The KSC event today took place in the Neil Armstrong Operations and Checkout Facility where Lockheed Martin is building the Orion capsule needed to take crews to the Moon and beyond.  The Orion program has been underway since 2006 when it was chosen for George W. Bush’s Constellation program.  The Obama Administration cancelled Constellation, but Congress insisted NASA build a new big rocket, the Space Launch System (SLS), and a Multi-Purpose Crew Vehicle (MPCV), in the 2010 NASA Authorization Act.  NASA selected Orion as the MPCV so it has continued on.

Lockheed Martin chairman, president and CEO Marillyn Hewson participated in the ceremony today standing next to Orion.  She noted that this particular capsule will be used for the uncrewed test flight, Artemis-1. Pence said the capsule is “complete and ready to begin preparations for its historic first flight.”

Vice President Mike Pence standing next to the Orion capsule at Kennedy Space Center, FL, July 20, 2019. Source: Pence tweet (@VP)
L-R: NASA Administrator Jim Bridenstine, Vice President Mike Pence, Apollo 11 astronaut Buzz Aldrin, Rick Armstrong (son of the late Apollo 11 astronaut Neil Armstrong) Source: Pence tweet (@VP)

The next step is for Orion to be mated to its Service Module, which is being provided by ESA as part of a barter arrangement in exchange for ESA’s use of ISS.  Other hardware will be added and the entire unit shipped to NASA’s Plum Brook Station in Sandusky, Ohio for testing.  It then will return to KSC for final processing and inspections prior to being mated with the SLS when it arrives at KSC.  Bridenstine told the Senate Commerce Committee this week that the Artemis-1 launch is now expected in 2021.  NASA initially committed to November 2018 for that launch. The date slipped to December 2019-June 2020 and now to 2021.

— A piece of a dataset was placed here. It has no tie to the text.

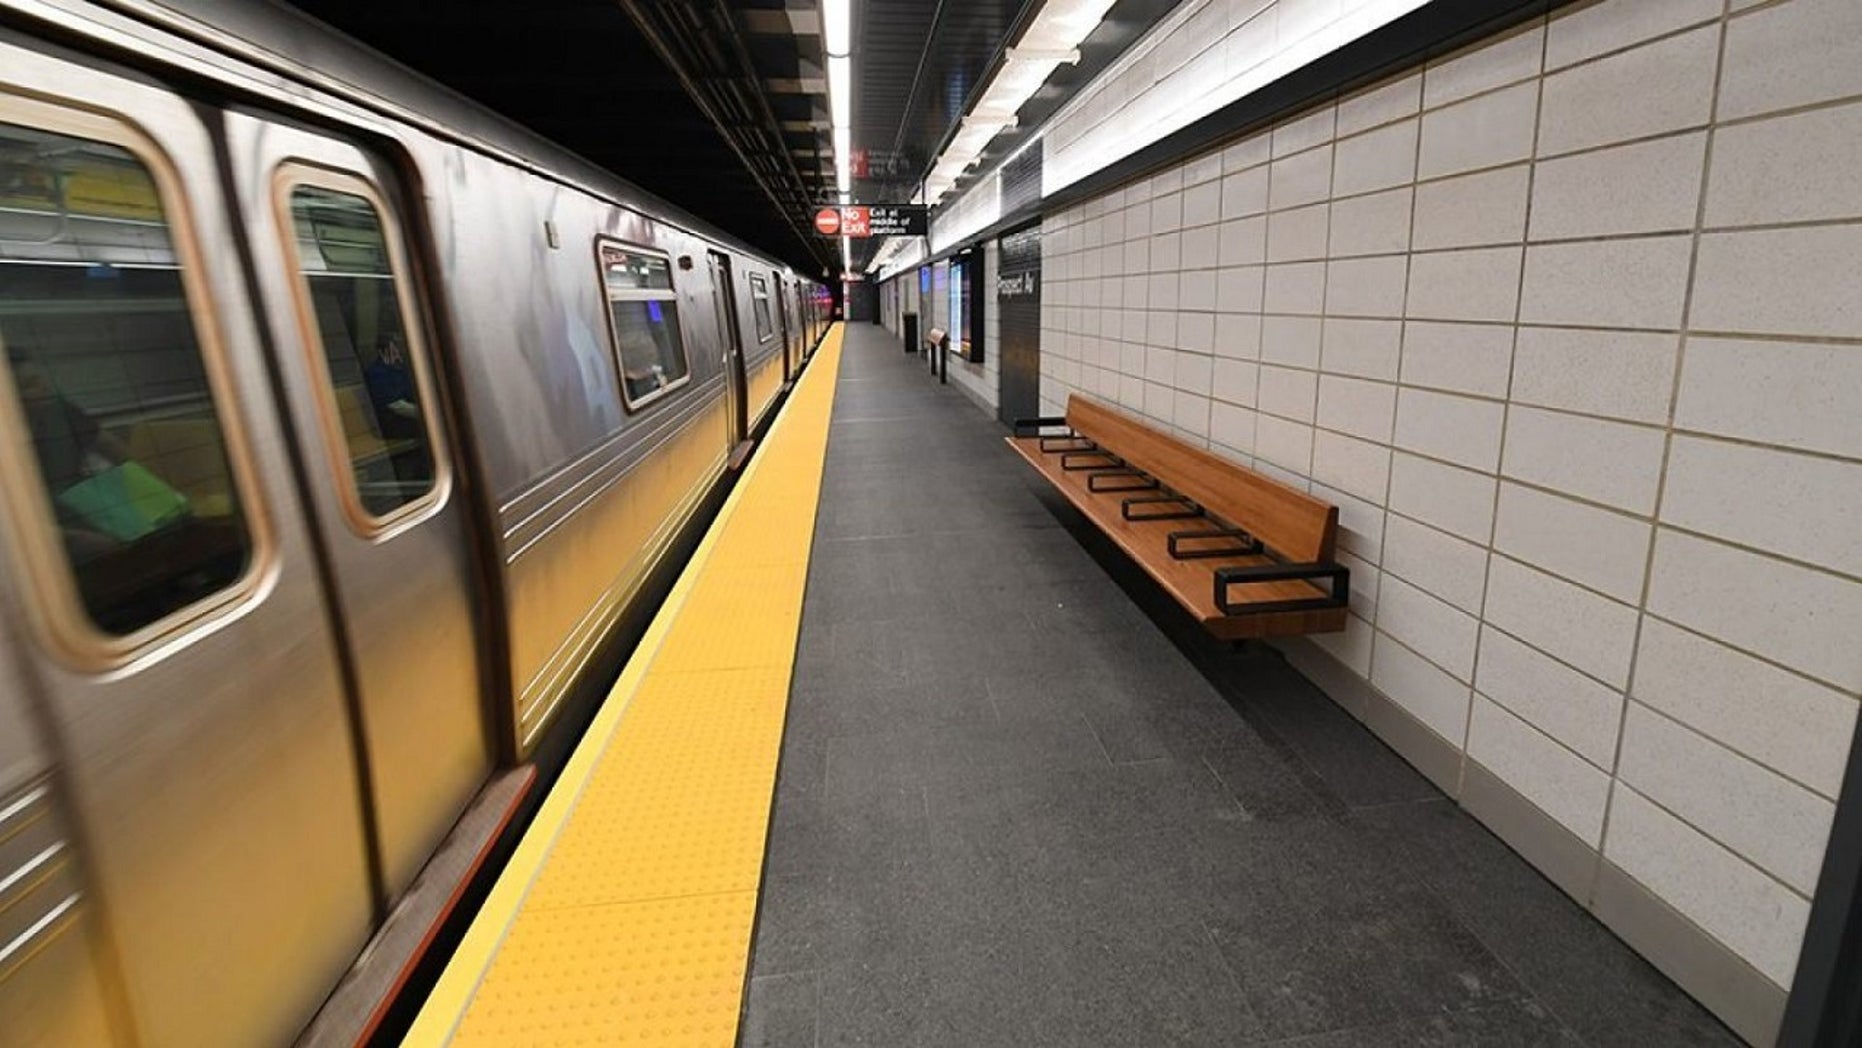 Woman reunited with $10G she lost on New York City subway

The first flight of SLS/Orion with a crew is Artemis-2. Bridenstine said that will take place in 2022 or 2023.  Artemis-3, in 2024, will send a crew to the lunar surface via a Gateway in lunar orbit under the current plan.

No dates have been officially set by the Trump Administration for getting humans to Mars, although Bridenstine said this week he “will not rule out 2033” as a possibility for a human Mars landing.  It is a date favored by Mars advocates, many of whom see no need for returning to the Moon.  A recent independent analysis for NASA by the IDA Science and Technology Policy Institute concluded that even getting humans in orbit around Mars — not landing, which is significantly more difficult — is “infeasible” by 2033, but Bridenstine argues not everyone agrees with its assumptions.

The Moon versus Mars debate has been waged since the last Apollo crew left the Moon in 1972, but without a significant boost in funding it is not clear when either will happen.